Data extracts:
####################

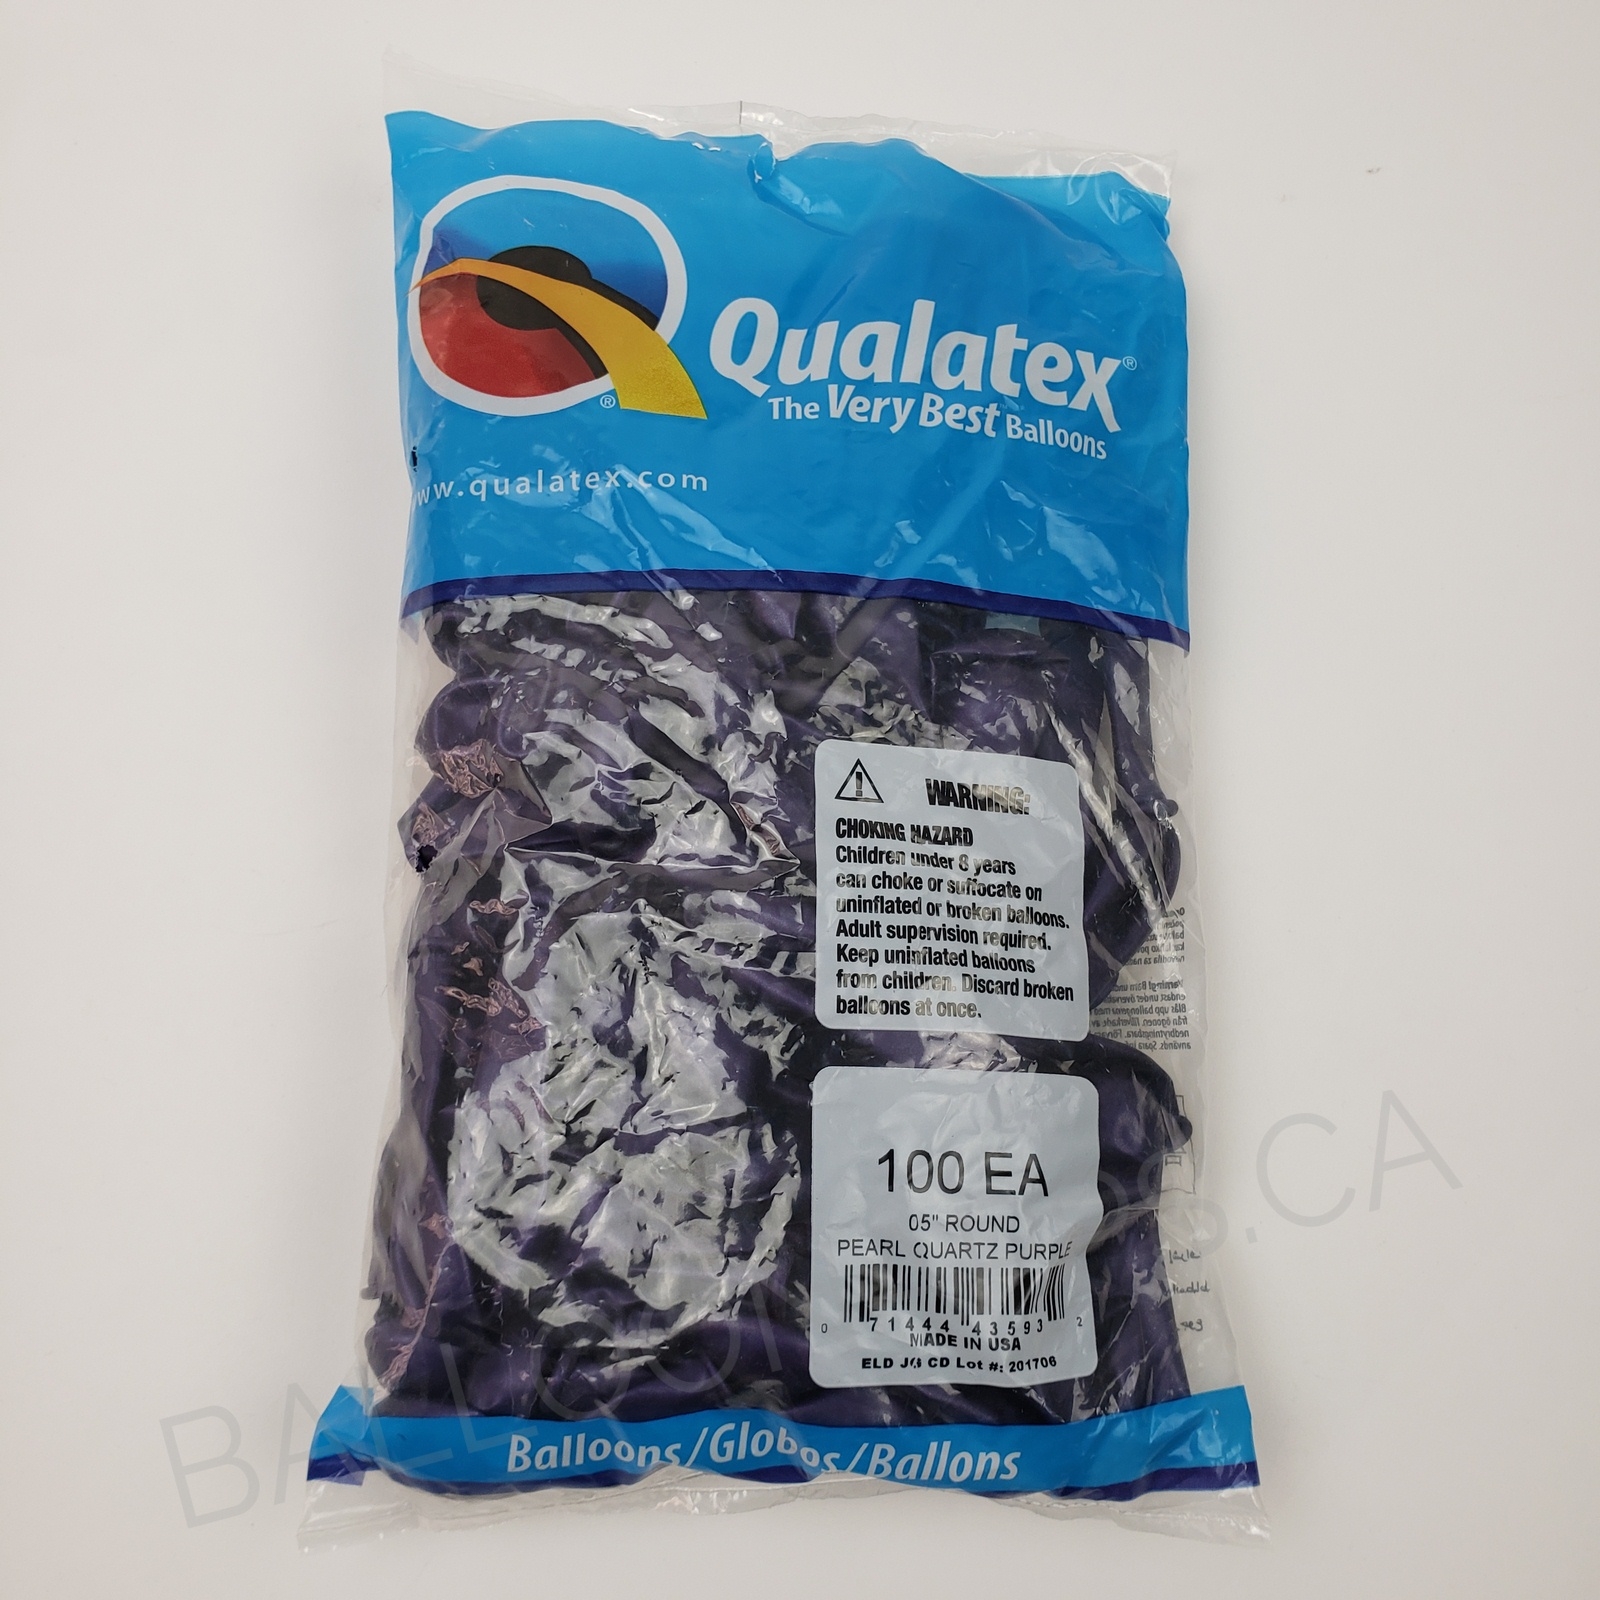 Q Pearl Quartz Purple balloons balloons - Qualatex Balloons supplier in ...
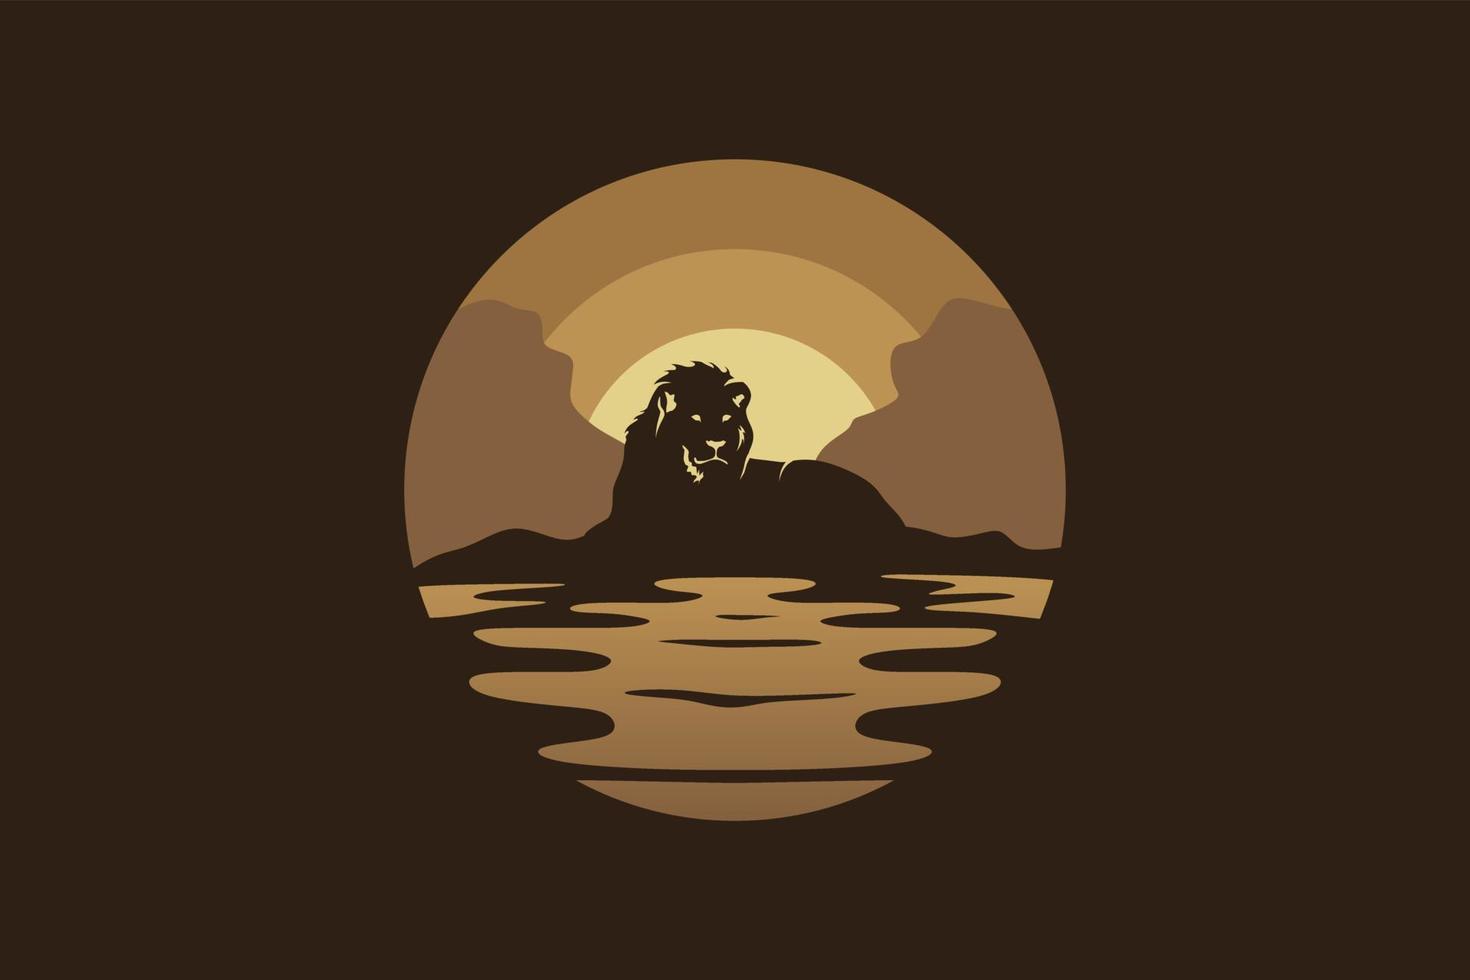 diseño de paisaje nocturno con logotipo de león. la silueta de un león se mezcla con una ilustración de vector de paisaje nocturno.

####################

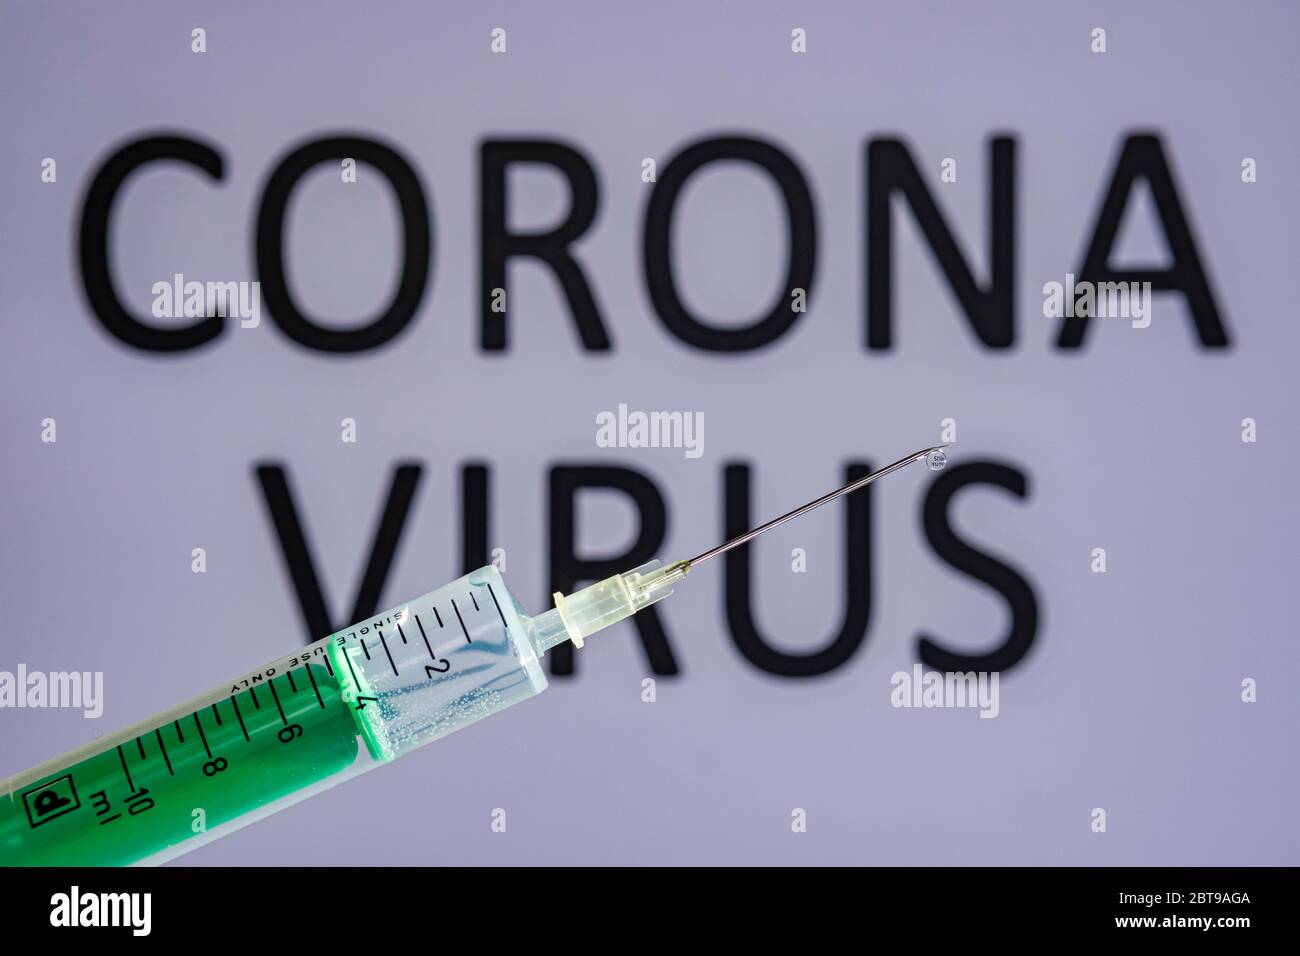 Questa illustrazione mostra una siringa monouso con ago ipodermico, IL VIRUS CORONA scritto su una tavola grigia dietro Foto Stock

####################

Problem statement:
Within the listing above, print exactly the stretch beginning at the line that contains "Q Pearl Quartz" and finishing at the line that contains "diseño de paisaje", ends kept, pictures left out, and nothing more.

Result below:
 Q Pearl Quartz Purple balloons balloons - Qualatex Balloons supplier in ...
 diseño de paisaje nocturno con logotipo de león. la silueta de un león se mezcla con una ilustración de vector de paisaje nocturno.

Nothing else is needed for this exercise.